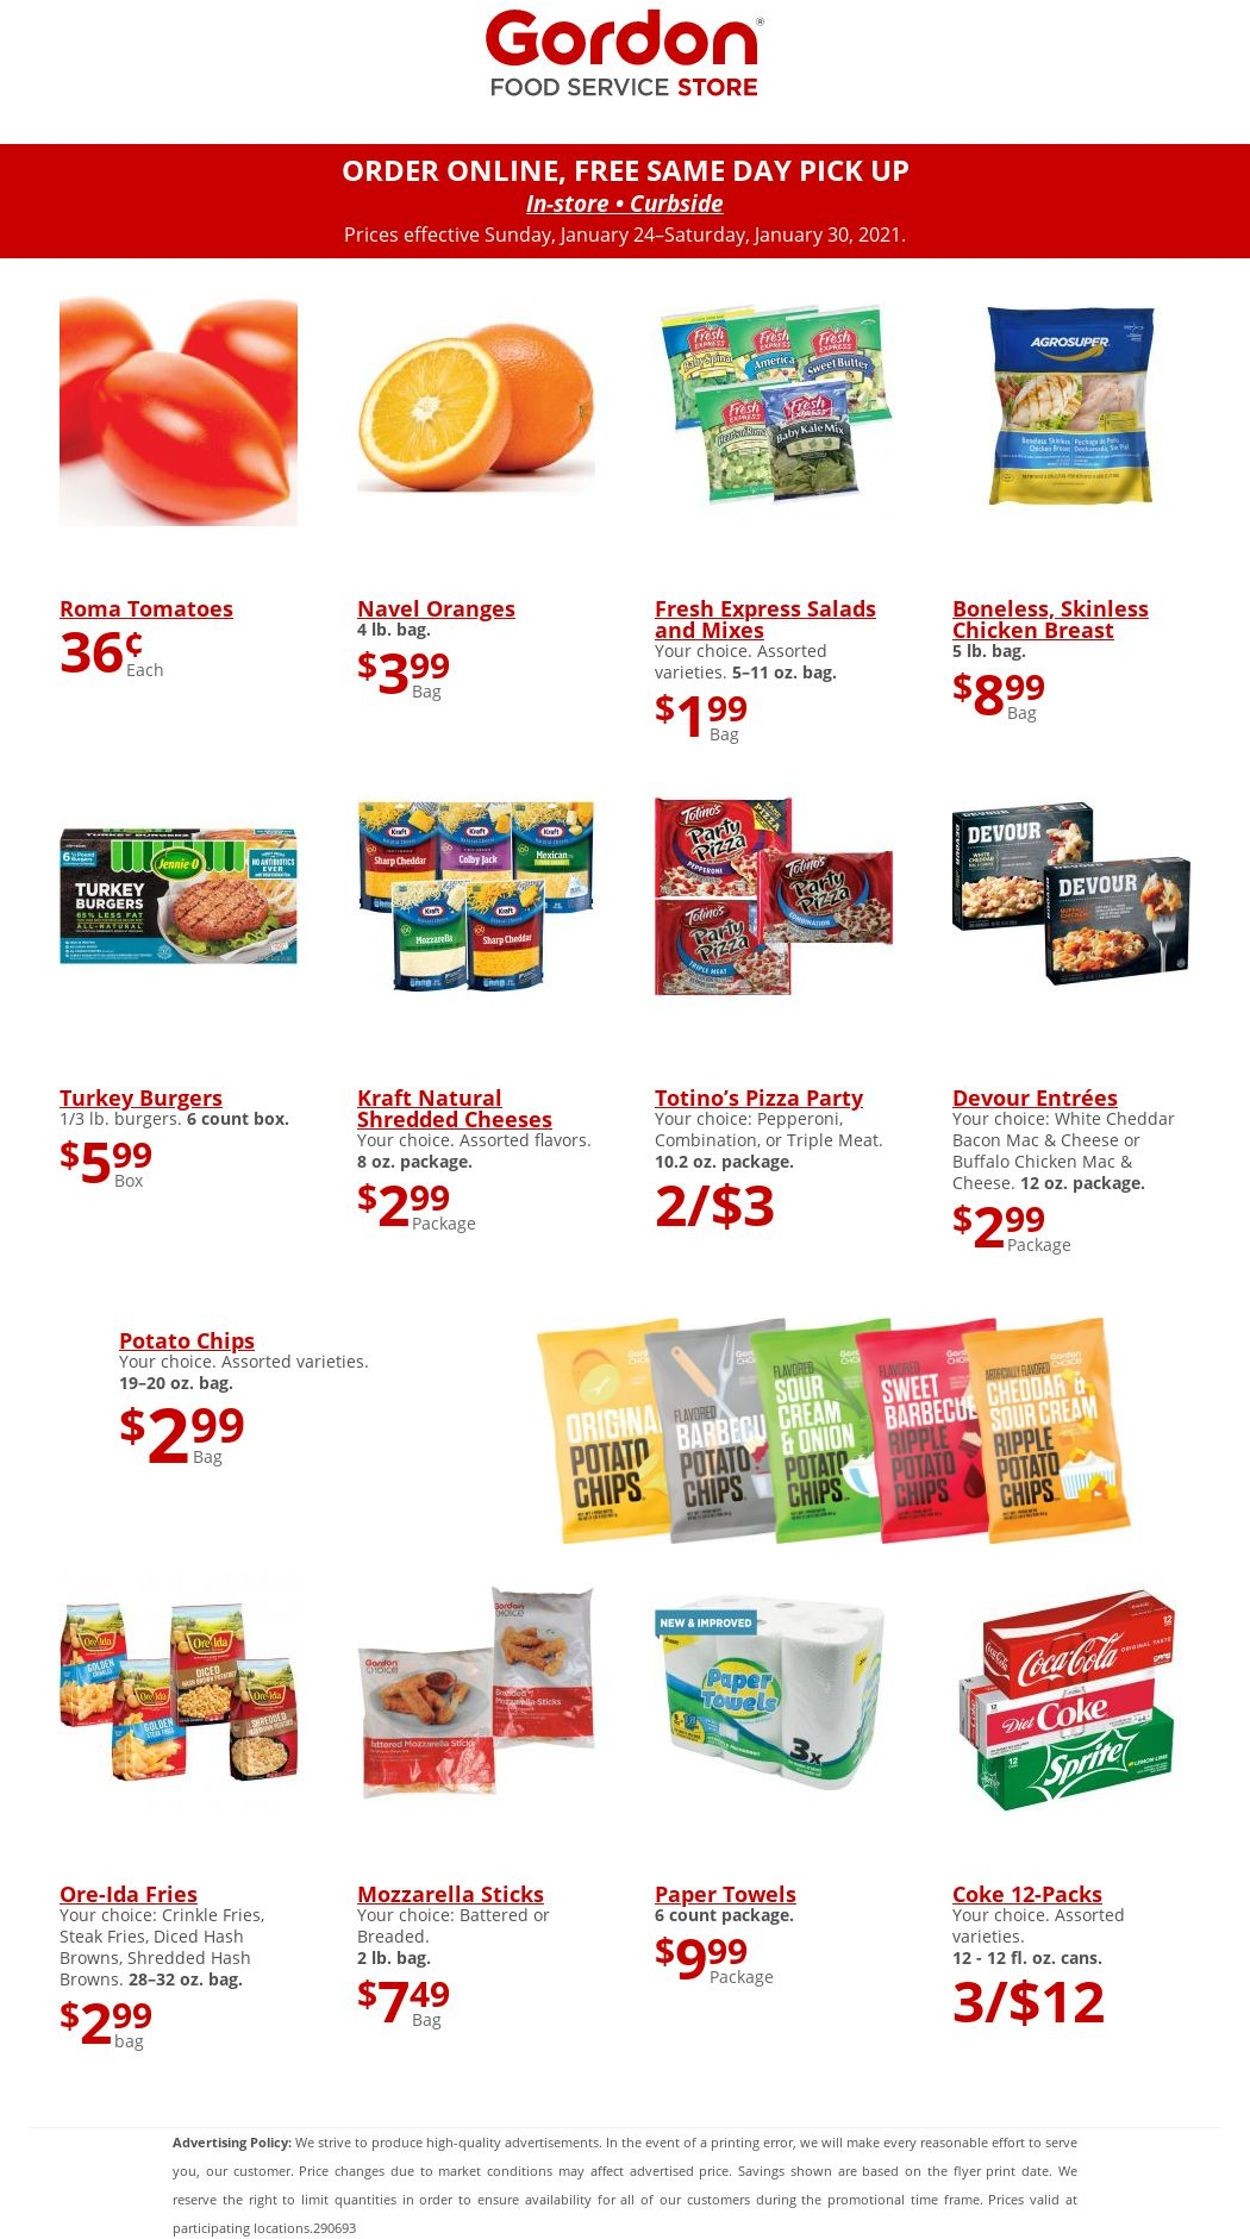 Gordon Food Service Store Weekly Ad Circular - valid 01/24-01/30/2021
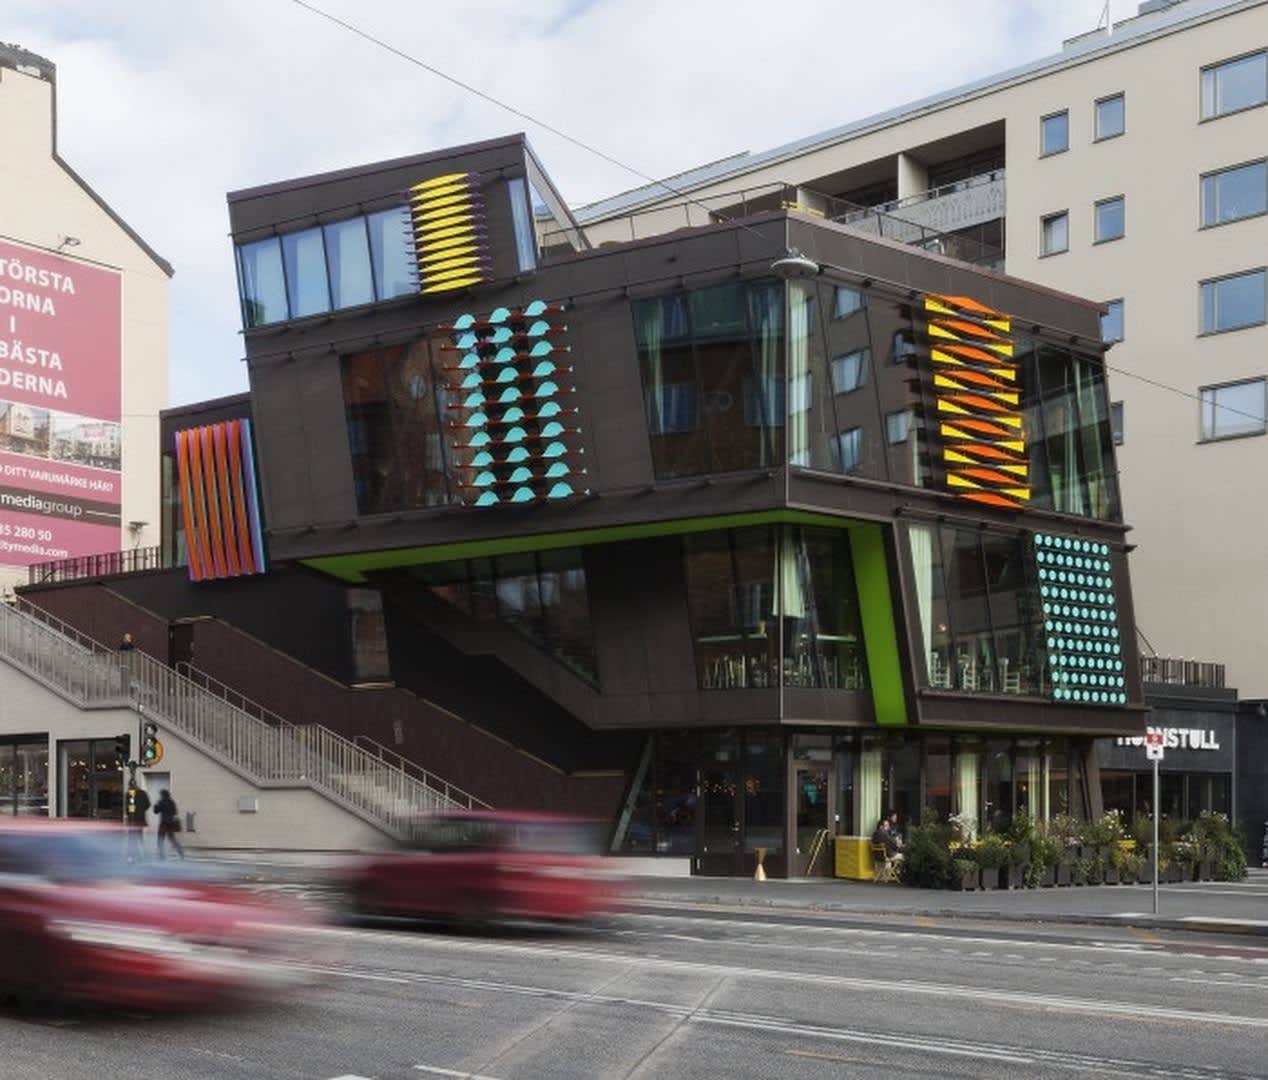 Jacob Dahlgren Permanent installation in Hornstull, Stockholm, Sweden, 2013
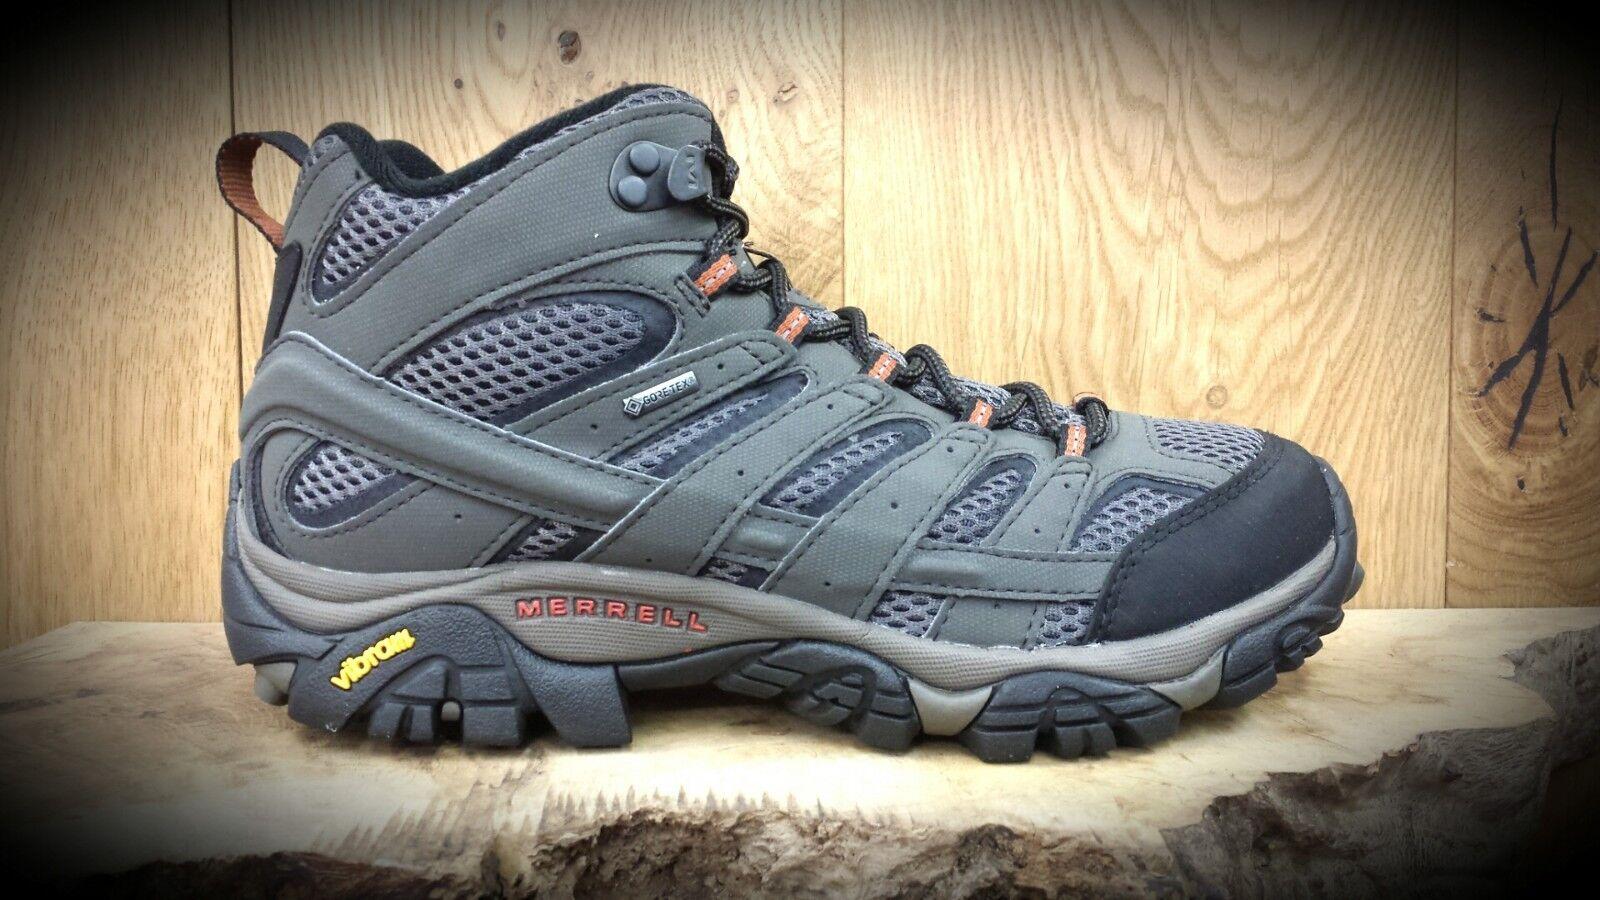 MERRELL    Moab 2 Mid GTX    Mens Gore-Tex Walking Hiking Boots    NEW

(WHAT YOU NEED TO DO): The copy must match the listing above exactly but contain no pictures.

(ANSWER):
 Gordon Food Service Store Weekly Ad Circular - valid 01/24-01/30/2021
 Jacob Dahlgren Permanent installation in Hornstull, Stockholm, Sweden, 2013
 MERRELL    Moab 2 Mid GTX    Mens Gore-Tex Walking Hiking Boots    NEW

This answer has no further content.